The experimental data for the two highest seed concentrations tested (3 and 1 μM) in the range where aggregation occurred, up to 0.02 mg/ml α-crystallin, was analyzed by fitting an aggregation kinetic model that includes secondary nucleation and elongation (Fig 1D and 1E) [25]. The aim was to gain from the experimental data information related to the effect of α-crystallin on the rate constants for nucleation and elongation. The successful determination of such mechanistic insights rely heavily on the purity of the protein samples and on the reporter dye (ThT) in the sense that there is a linear correlation between signal and total aggregate mass. As the reaction occurs in the presence of seeds, the contribution from primary nucleation (k_n) is overruled and therefore its rate constant becomes negligible [4,22]. The resulting fits provide estimates of the product of the rate constants of elongation (k₊) and secondary nucleation (k₂). The obtained values of the product k₂k₊ are plotted as a function of α-crystallin concentration in Fig 1F. We find that k₂k₊ decreases progressively with increasing α-crystallin concentration.

To facilitate the understanding on a molecular level, it is useful to provide the crystallin concentration not only in mg/mL but also in molar units. Here it is however worth mentioning that at this pH it has been suggested that the native α-crystallin may start to lose subunits [18], and therefore a mixture of (mainly) oligomeric and (a smaller amount of) monomeric entities with unknown exact ratio might be present. A 2 mg/ml solution of α-crystallin would thus approximately correspond to 2.5 μM of native α-crystallin (i.e. in its oligomeric form) or 100 μM monomeric mixture of αA/αB-crystallins (assuming that an oligomer consists on average of about 40 subunits) in the extreme but unrealistic case of full dissociation of native α-crystallin, respectively.

The effect of β_H- and γ_B-crystallins on α-syn aggregation

Similar kinetic experiments were also performed with β_H- and γ_B-crystallin only for the intermediate α-syn seed concentration (1 μM). For oligomeric β_H-crystallin the inhibitory effect was shown to be similar to that of α-crystallin (Figs 1B vs 2A). For monomeric γ_B-crystallins the inhibition of fibril formation was slightly less efficient (Fig 2B).

Fig 2. Seeded aggregation kinetics of α-syn monomer in the presence of β_H- and γ_B-crystallin.

The aggregation kinetics of 20 μM α-syn was monitored using ThT for α-syn alone (black traces) and in the presence of (A) β_H- or (B) γ_B-crystallin at concentrations ranging from 0.002 to 2 mg/ml for one α-syn seed concentration, 1 μM, in 10 mM MES buffer pH 5.5 under quiescent conditions at 37°C. The experimental average trace of at least two repeats is shown. For stoichiometric purposes, 2 mg/ml of the high molecular weight oligomeric β_H-crystallin approximately corresponds to a molar concentration of 10 μM, while for monomeric γ_B-crystallin it is roughly 95 μM.

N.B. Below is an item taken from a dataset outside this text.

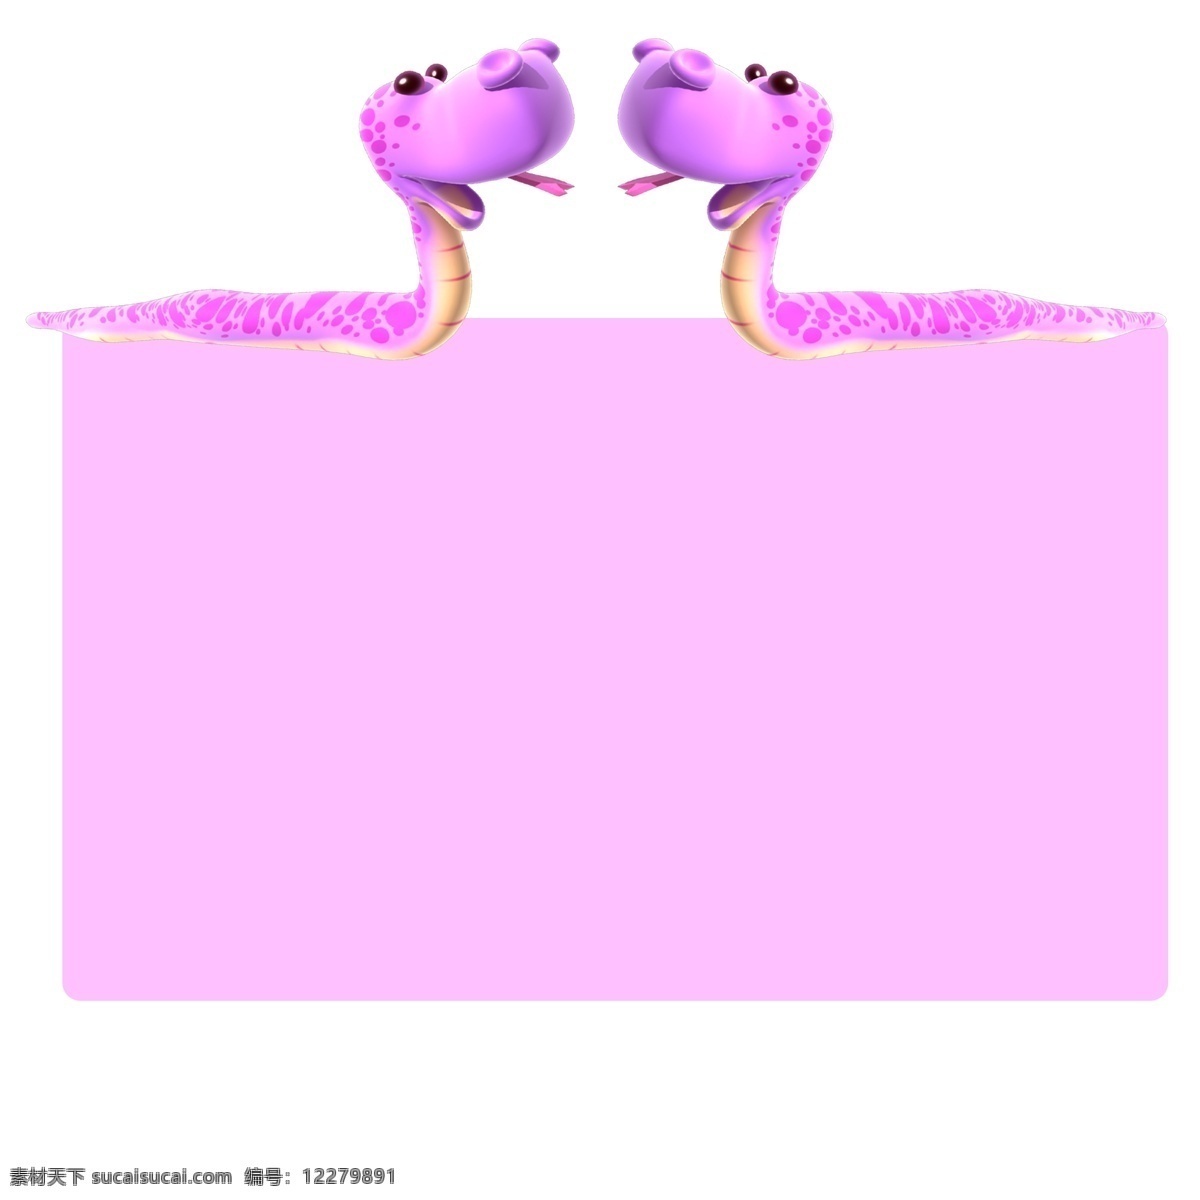 简约 美观 紫色 小 蛇 创意 边框 边框纹理 创意边框 紫色线条 紫色小蛇 创意设计

Trap and seed kinetic experiment

A set of experiments referred to as the trap and seed were performed to further evaluate if the effect of crystallins is indeed linked to the catalytic nature of α-syn fibrils (Fig 3). α-Syn seeds pre-incubated in the presence and absence of α- or γ_B-crystallin were trapped by filtration in low-binding GH Polypro (GHP) membrane filter plates with a 200 nm cutoff. Freshly purified α-syn monomer was then added and incubated with the trapped fibrils for 2 h and again filtered. The flow-through was collected, supplemented with ThT and placed in a plate reader at 37°C under quiescent conditions (Fig 3). It is observed that α-syn seeds that were not pre-incubated with crystallins trigger monomer aggregation (Filtrate 1; Fig 3A). This result is consistent with the interpretation that the trapped fibrils provide an autocatalytic surface for the monomer added, generating small oligomeric species that pass through the filter and further grow and catalyze aggregation of the remaining monomer in solution. This is also consistent with previous studies [22]. Relevant to highlight is that the GHP filter plates used in this experiment do not trigger α-syn aggregation, shown by incubating monomeric α-syn in the absence of seeds in these plates (Control). For both cases, seeds pre-incubated with 0.2 and 2 mg/ml of either α- or γ_B-crystallin were no longer capable of seeding the aggregation reaction during the time frame of the experiment (Filtrates 2 and 3 for α-crystallin; Filtrates 4 and 5 for γ_B-crystallin, respectively; Fig 3B and 3C).

Fig 3. Trap and seed kinetic experiment.

3 μM α-syn seeds without and with pre-incubation with α- or γ_B-crystallin were trapped by filtration in GHP filter membrane plates with a 200 nm cutoff. The trapped fibrils without any pre-treatment were then incubated for 2 h with freshly purified α-syn monomer and newly filtered ((A) Filtrate 1). The same procedure was performed for the trapped fibrils that had been pre-incubated for 2 h with two concentrations 0.2 and 2 mg/ml of either α-crystallin ((B) Filtrate 2 and 3, respectively) or γ_B-crystallin ((C) Filtrate 4 and 5, respectively). The flow-through was collected in non-binding PEGylated plates supplemented with ThT and monitored in a plate reader under quiescent conditions at 37°C. The figures show the individual aggregation kinetic traces of at least three experimental repeats.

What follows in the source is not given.